_Problem to solve:_
Exactly the lines from the one with "Karup Design - Roots Sofa bed | Connox" through the end of the data below must be set down, and no pictures with them.

Supplied data START

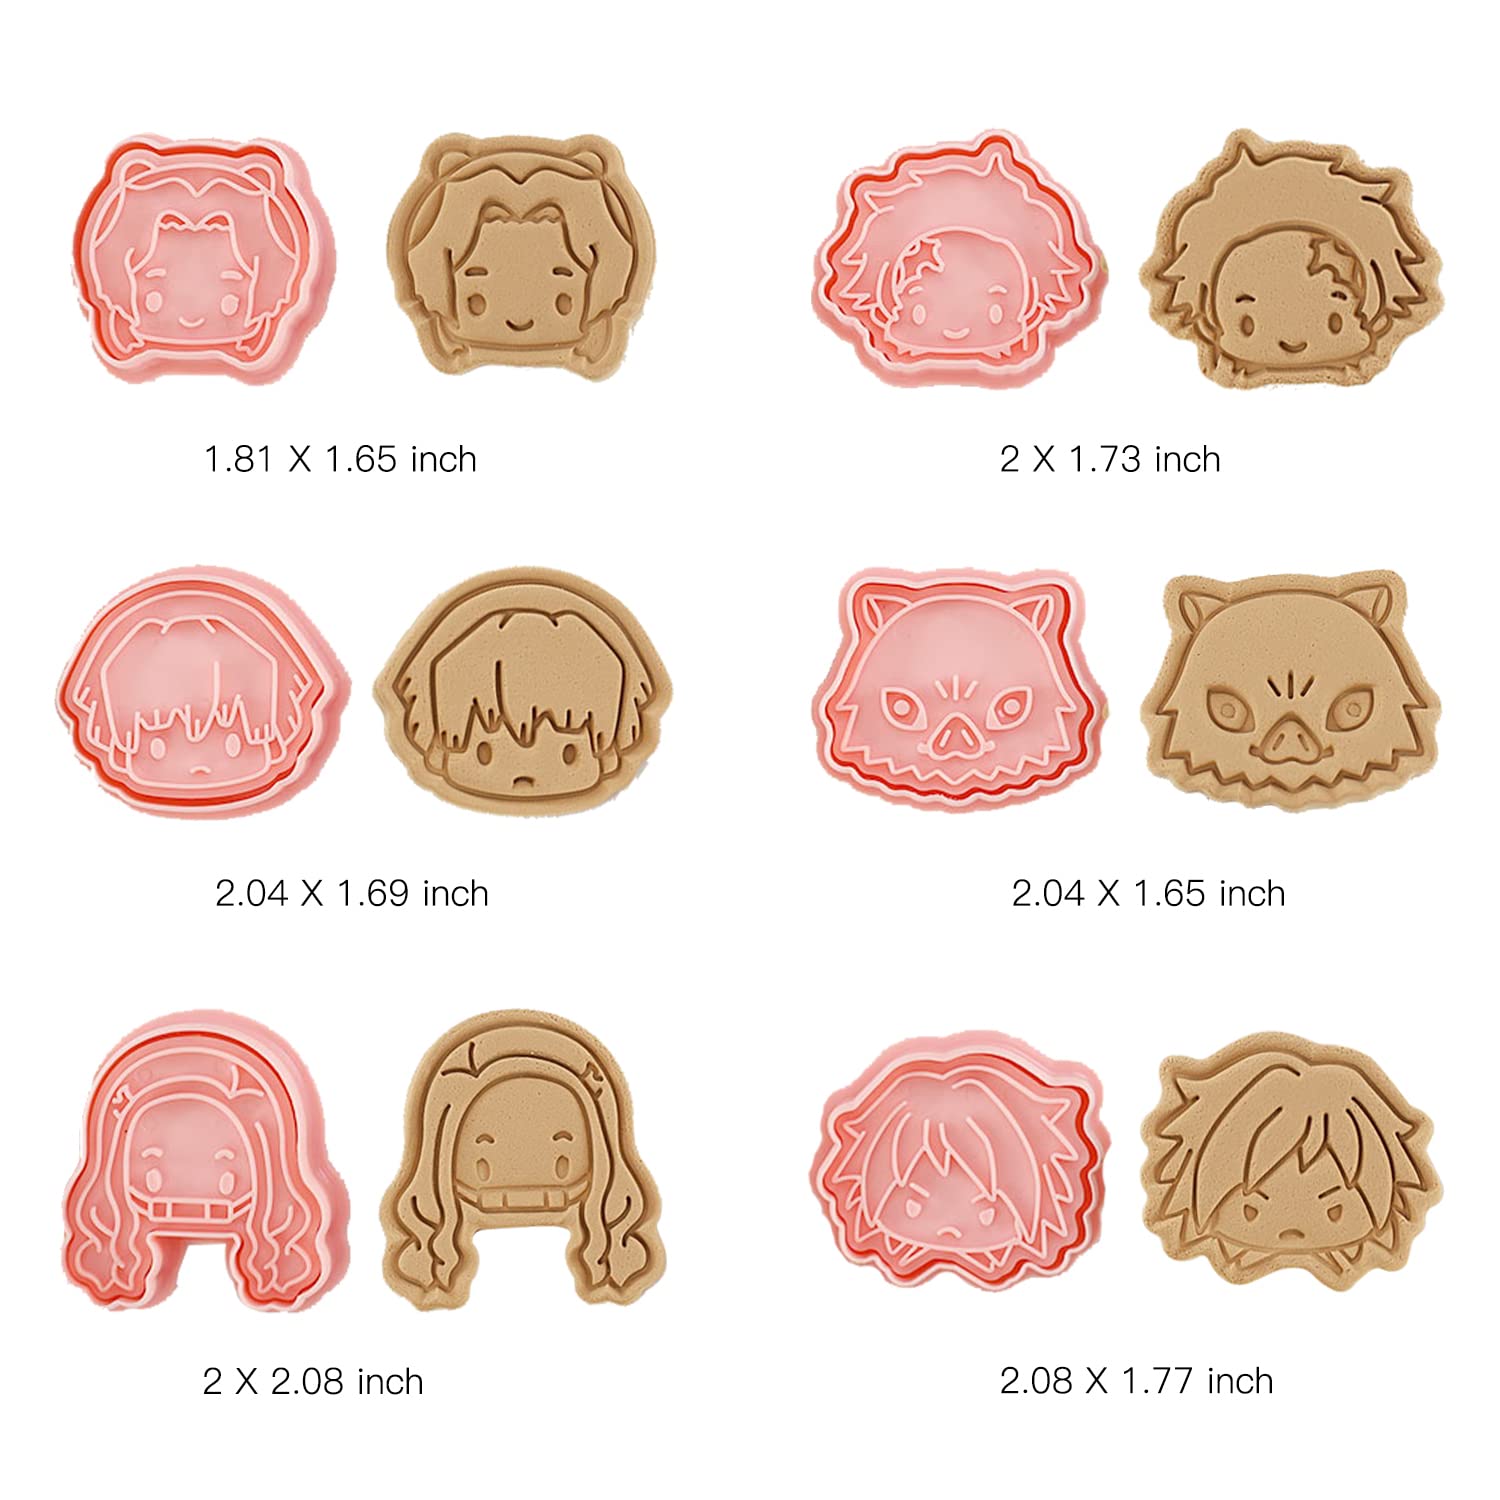 Anime Slayer Cookie Cutter With Plunger Stamps Set,6 Piece Stamped Embossed Cookie Cutter Molds for Biscuit Fondant Cheese Baking Molds
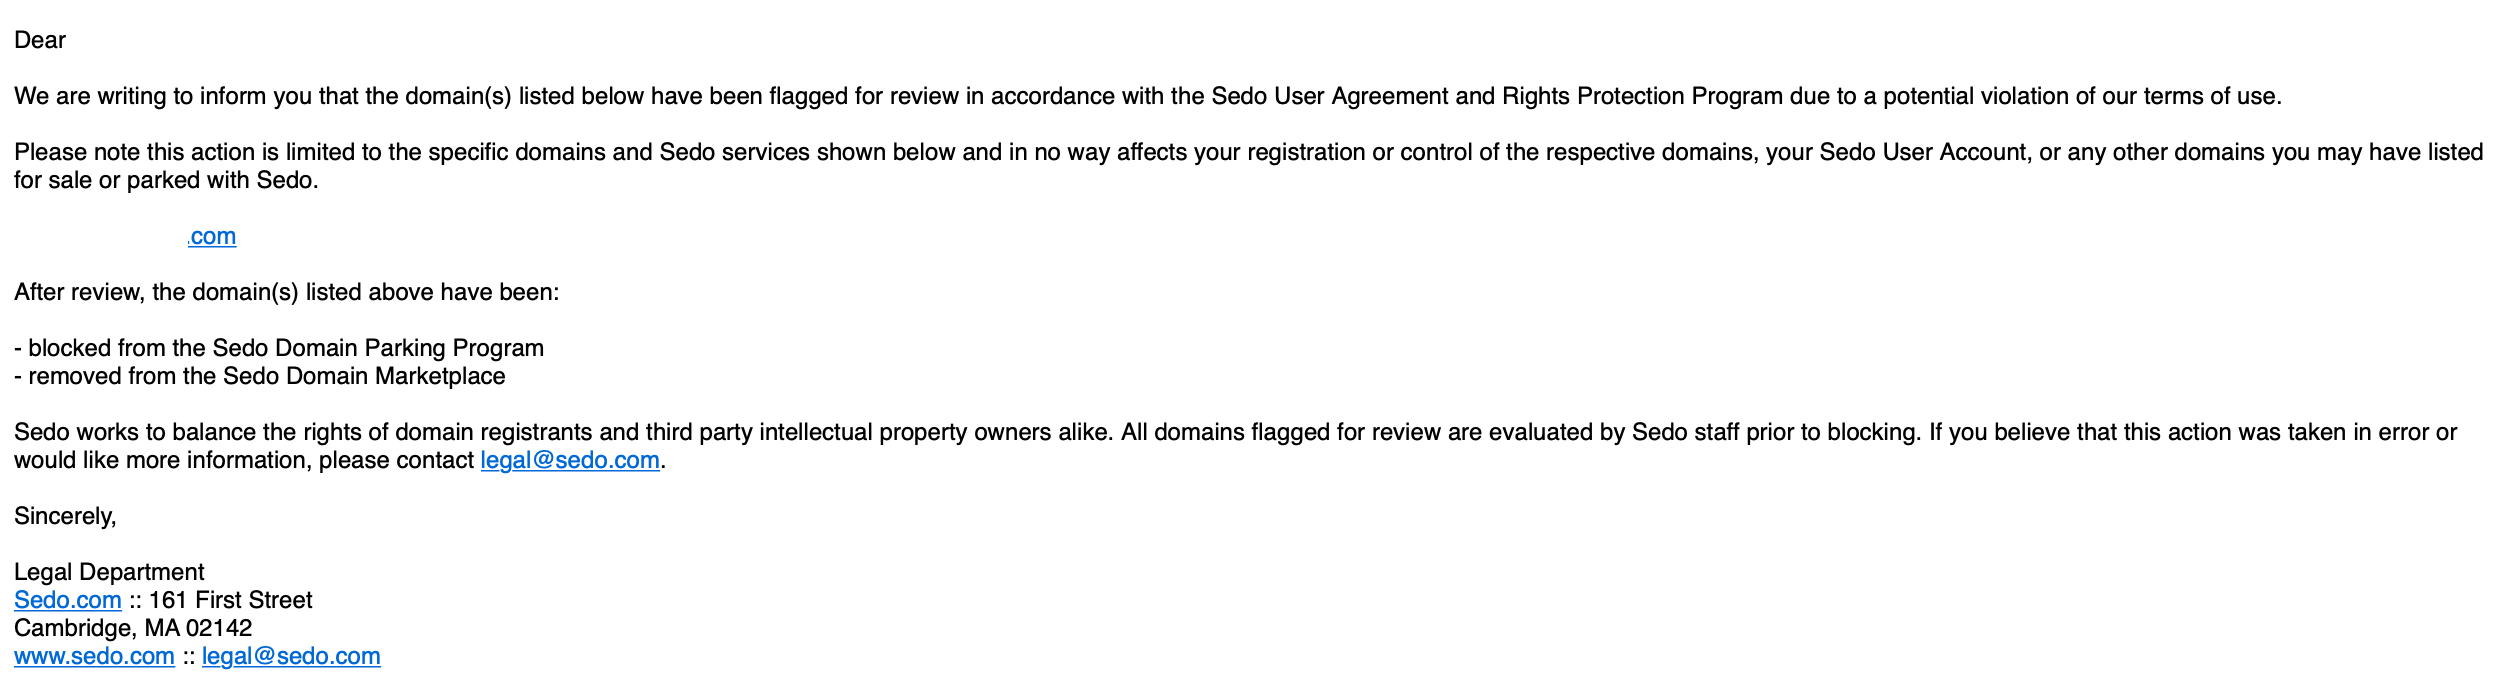 Sedo Legal Removal Flagged Domain
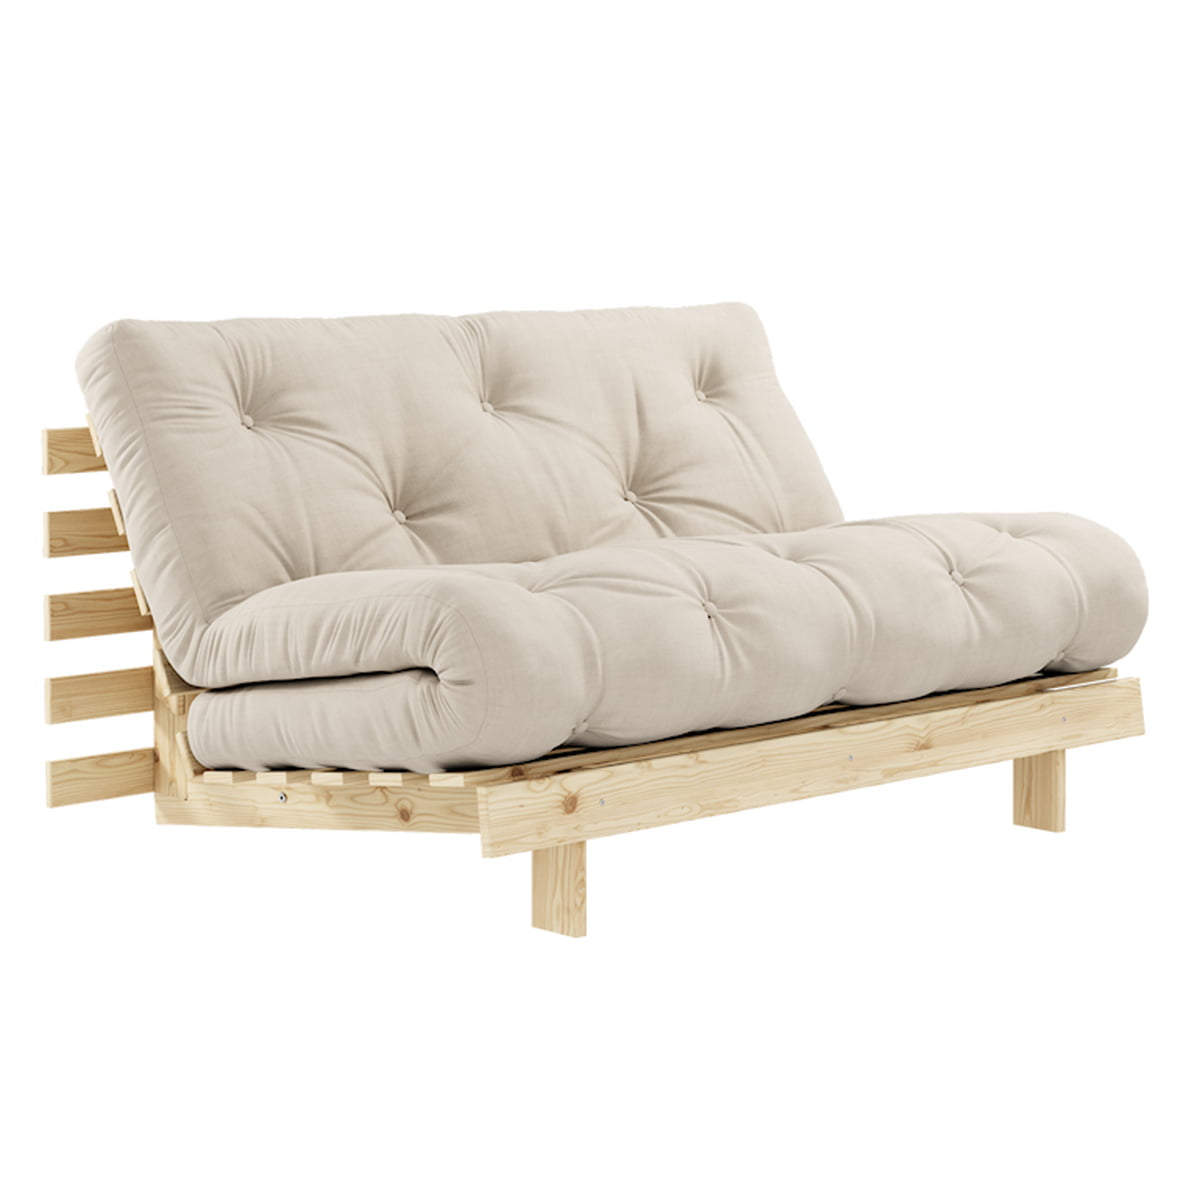 Karup Design - Roots Sofa bed | Connox
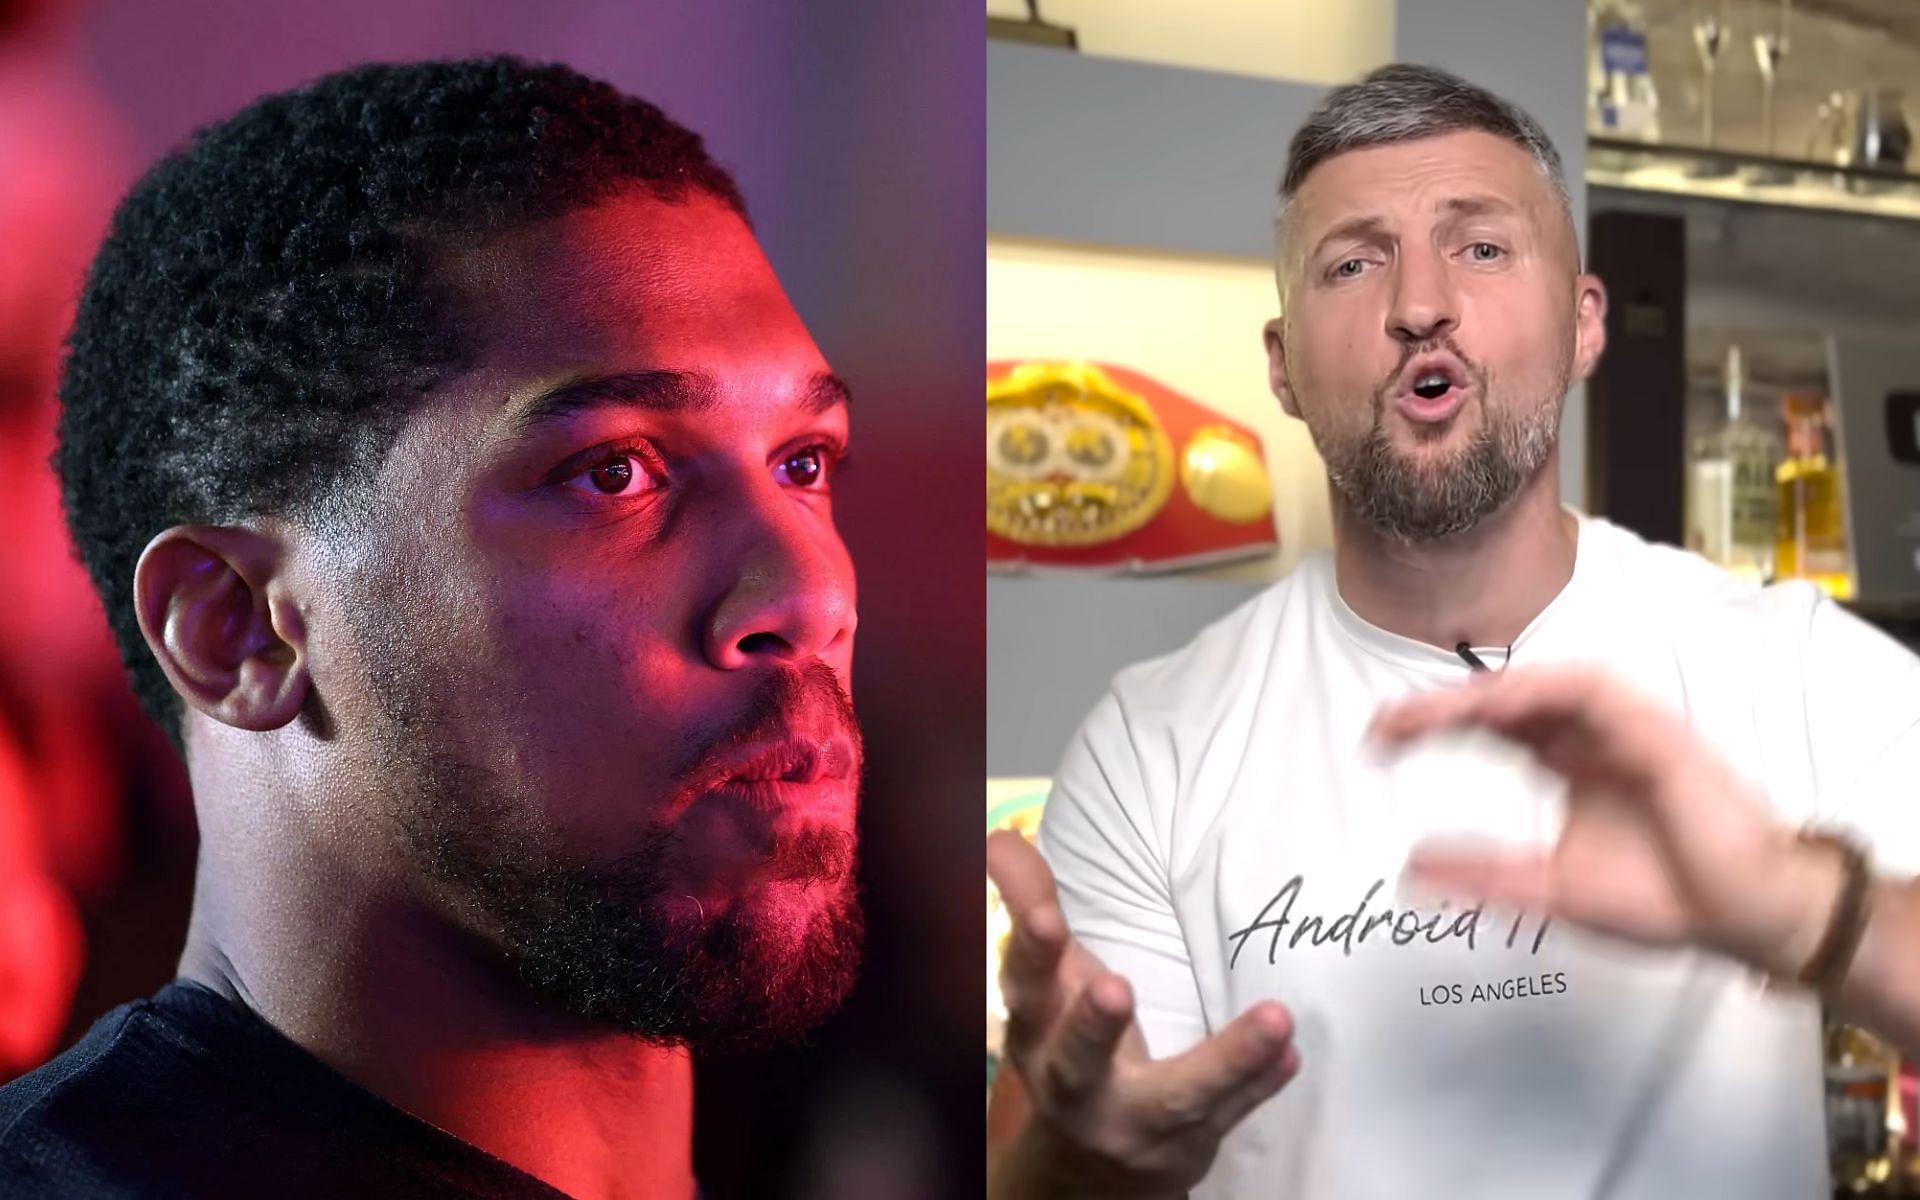 Carl Froch (right) takes aim at Anthony Joshua (left) after heated exchange on WhatsApp [Images courtesy: Getty Images and @frochonfighting on YouTube]

Supplied data END

_Reply to the task:_
 Karup Design - Roots Sofa bed | Connox
 Carl Froch (right) takes aim at Anthony Joshua (left) after heated exchange on WhatsApp [Images courtesy: Getty Images and @frochonfighting on YouTube]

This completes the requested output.